事務次官会見要旨(平成21年9月10日(木))


1.発言要旨

 本日9月10日の事務次官等会議でございますが、今日は特に環境省関係もございませんでした。一般案件として閣議決定の案件ですが、8月の上旬にあった災害の関係でいろいろ被害を受けられた中小企業等について、災害融資の特別な融資をするといったような閣議決定、それから、政令ですが、激甚災害に指定して補助金のかさ上げをするといったことが同時に行われるという説明がございました。また、人事が3件ほどありましたが、国連の総会に行く事務方の代表等についての発令ということで、外務省の方が60人くらい発令を受けるというような話がございました。以上でございます。
 特に私の方から申し上げることではございませんが、エコポイントの発表が明日あるということで、150万件くらい還元申請が来ているようですが、それについて今、分析をしております。具体的にエコポイントですと一つで二度おいしいと言いますか、省エネ家電を買うこと自体がエコですが、その後またエコポイントを還元して何に使うかということが一つのお楽しみがあるというので、その分析ができましたので発表をさせていただきます。是非聞いていただければと思います。
 私からは以上です。

2.質疑応答

質問
先日、鳩山代表が25%の削減を目指されて、改めてのそのお気持ちと産業界とか経済界から厳しいといった意見や二階大臣もその実現は極めて難しいと大臣会見でおっしゃっておりますが、そうした声に対してどうお考えかをお聞かせください。

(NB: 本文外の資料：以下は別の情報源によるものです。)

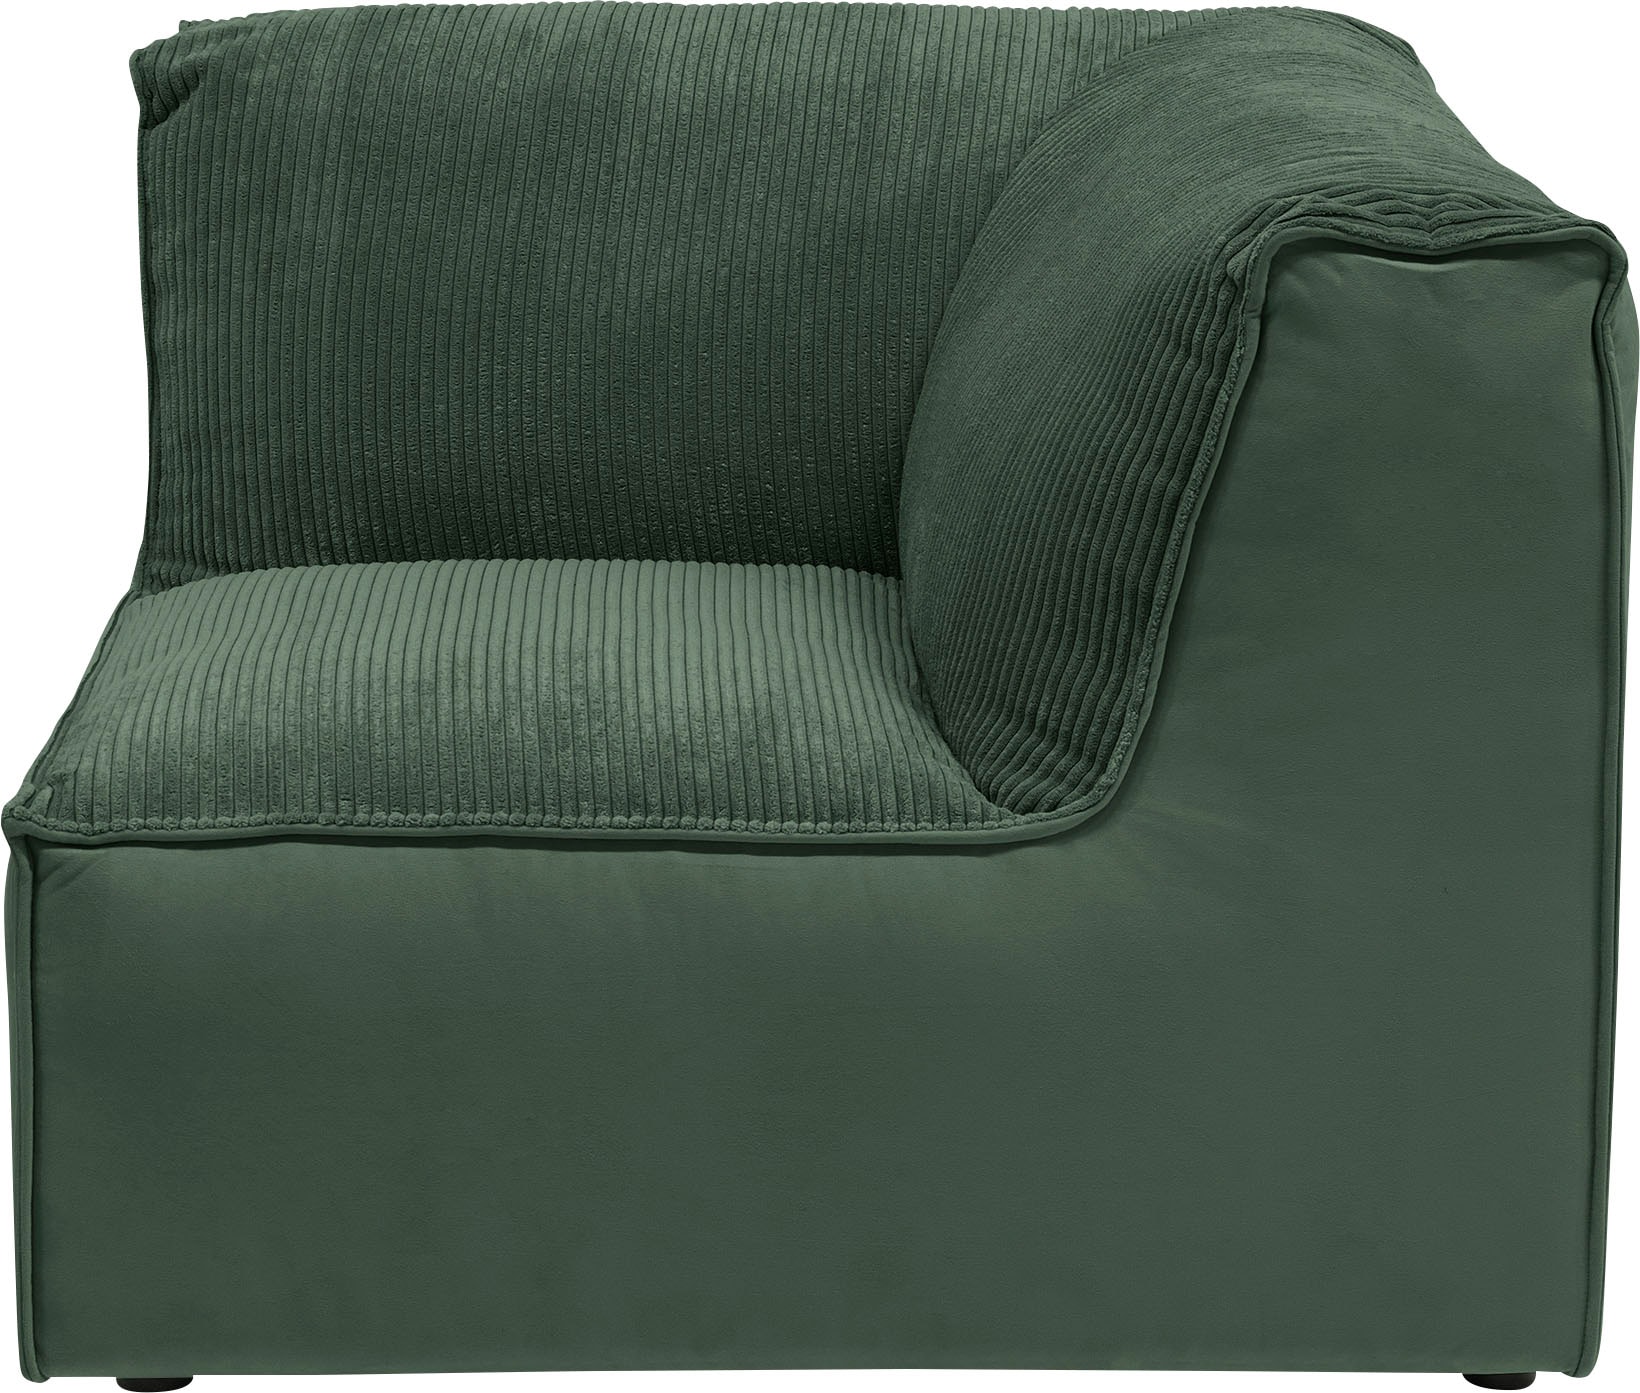 RAUM.ID Sofa-Eckelement »Modulid«, (1 St.), als Modul oder separat verwendbar, in Cord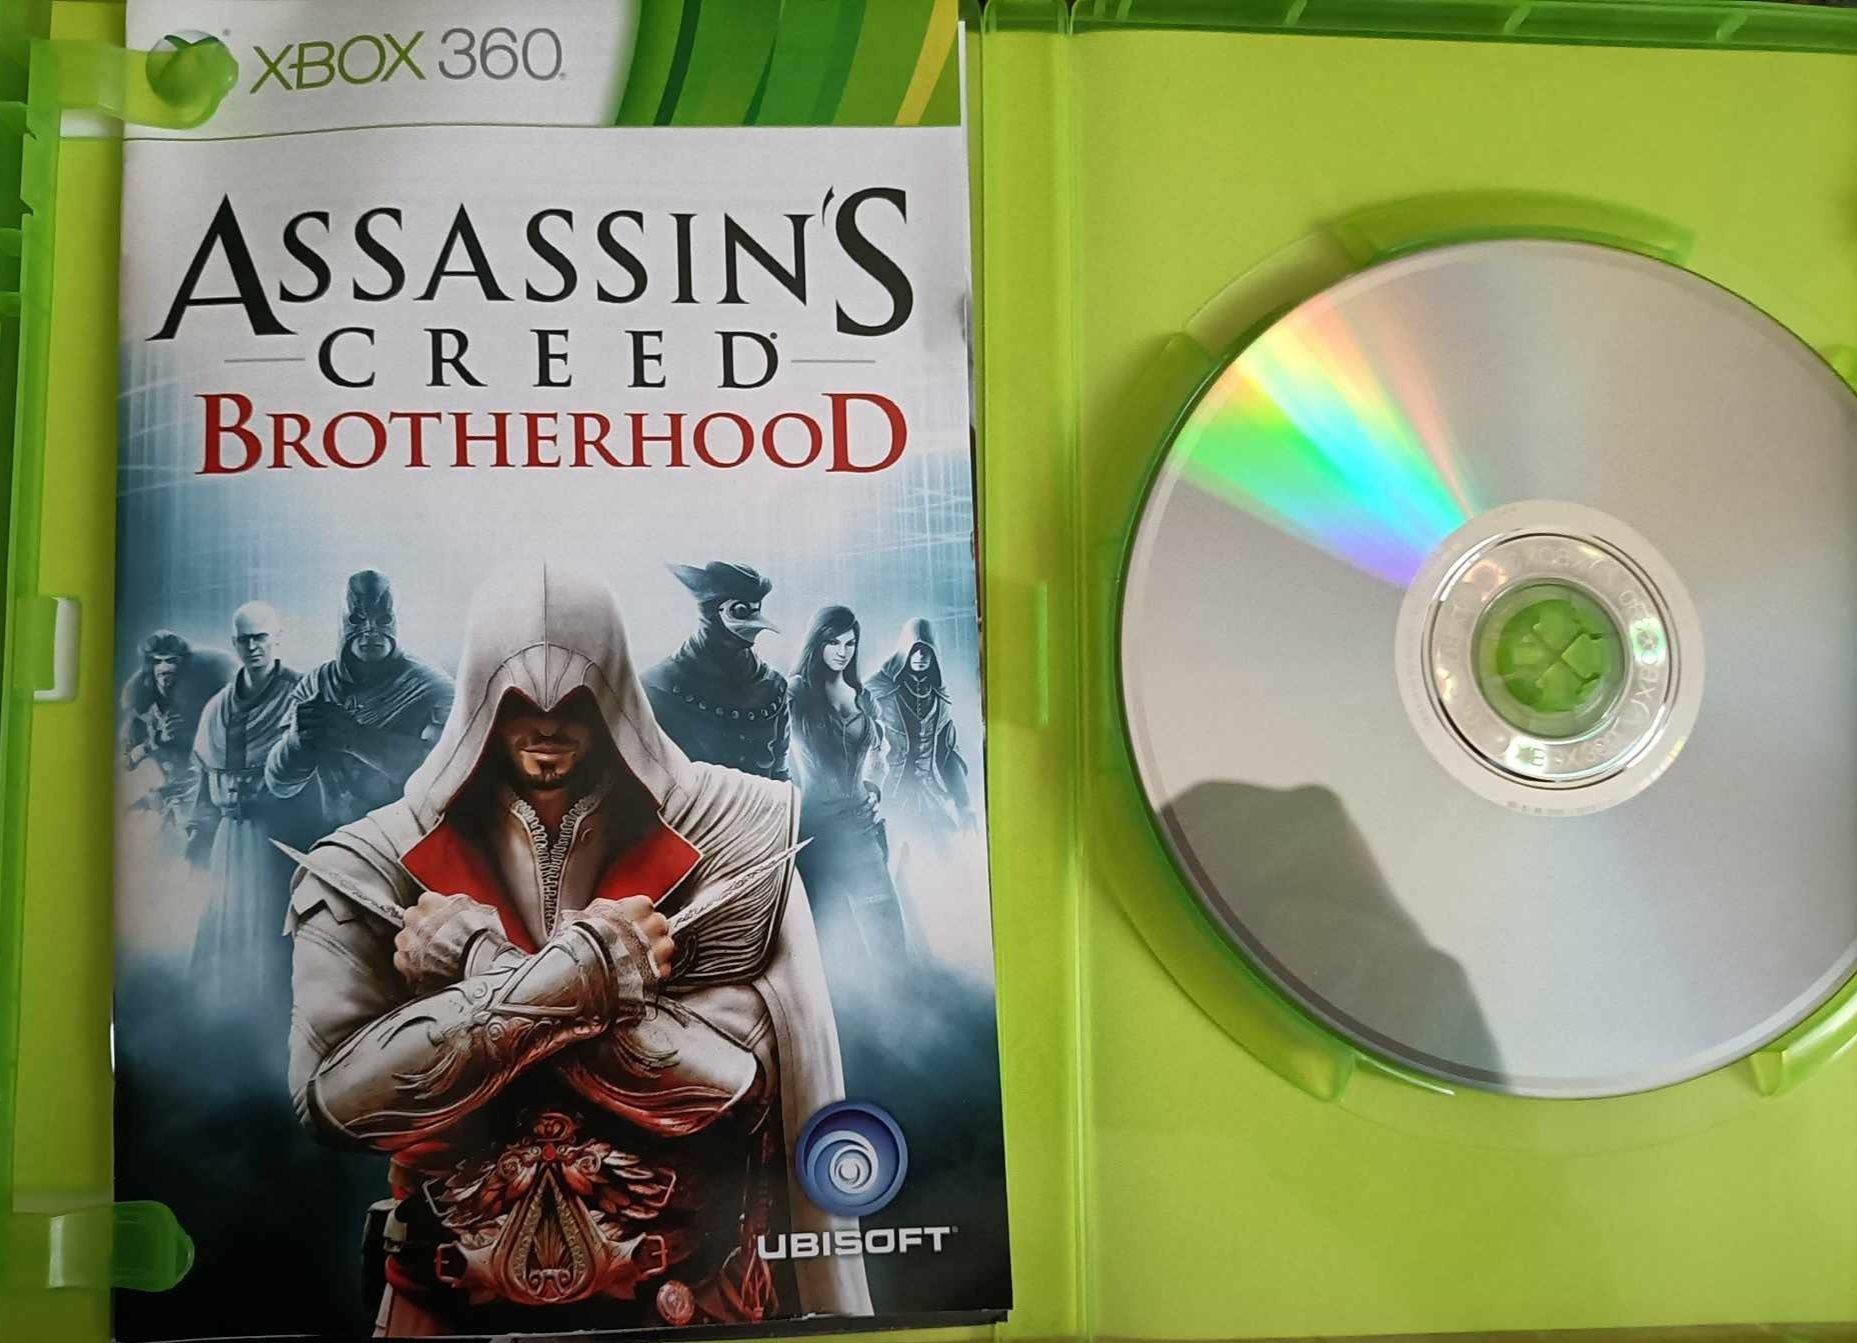 Assassin's Creed brotherhood xbox

感想はその時にかなり細かく御質問いただきましたので、いろいろお答えはしたと思います。一つはあの時申し上げましたが、科学を重んじたということで、もう一つは、皆が賛同すれば、ポジティブに考えればそこまでの削減というのを目指していくべきではないかということと、まずはこれだけやりますと下から積み上げるのではなくて、皆が力を尽くせばここまでいってもよいのではないかと先回りした上限と言いますか、候補と言いますか、それを示す交渉スタイルだと思います。前者の方は皆さんもよく御存知だと思いますが、後者の方から言えば、言い方によればいろいろな条件、前提があって初めてそこまで皆ができるということでございますから、これから真水でどれだけ削るとか、あるいは海外排出量でどれだけカウントするのか、削減をクレジットとして見てよいのかとか、吸収の他いろいろな排出量の算定のルールがありますから、そういうものをどうするのかはこれからの交渉事ですから、そこはちゃんとやっていかないとその数字というようにはなかなかいかないので、今後の道のりを皆が、他の国もポジティブに考えていこうということで、力を合わせていくと良いことがあるのかなと、いわば交渉スタイルの提案だったのかなと思っております。
 25%は厳しいということについては、90年比25%、内訳は分かりませんし、いろいろな前提自体が明らかではないので、何とも言えませんが、もちろん厳しいとは思います。ただ、既に閣議決定したことでも日本は60~80%、2050年に削るとか、あるいはG8サミットで先進国が合意しましたように2050年には80%以上の削減をするということを既に言っておりますので、そういうことの道のりとしては決してあり得ない数字ではないと思います。今のままのCOをたくさん出す経済をそのまま保っておいて、その限りで
 COを削るということだとなかなか大変だと思いますが、COを削ることで儲かる経済と言いますか、例えば太陽光発電もそうですし、電気自動車とかもそうですし、いろいろな省エネもあると思いますが、そういうことに経済の姿を変えていかないとなかなか大変だと思います。そういうこともあると思えば、費用と言われているのも投資ですから、ドブに捨てるわけではありませんから、新しいビジネスを生んでいくと思いますとチャンスもあるのかなと思います。いずれにしても容易ではないので、よくどういう具体的に積み上げになるのかの御指示をいただいて、検討しながらこういう風なことをすればできるのではないかということを事務方としては提案していくべきだと思っております。

質問
今の件で次官は真水で何%くらいは可能だと思っておりますか。

それは今何とも予断を持って言うことはできませんが、既に公表資料では国立環境研究所で90年比15%くらいはいくのではないかということは既に発表されております。もちろん費用負担が大変だとか、副作用があるというご批判はあるのかもしれませんが、技術的にはそこはいくのではないかと思います。それ以上もっとやるということは、またいろいろ最近の技術進歩や政策の追加ということでどこまでいくかは計算し直したりしないと分からないと思いますが、既に公表資料ではそういうことが言われているとは思っております。

質問
政策総動員ということが言われておりますが、柱の特徴には地球温暖化対策税というものが有力かと思いますが、今後の税制改正論議をどれくらいのペースでやるべきかと思いますか。 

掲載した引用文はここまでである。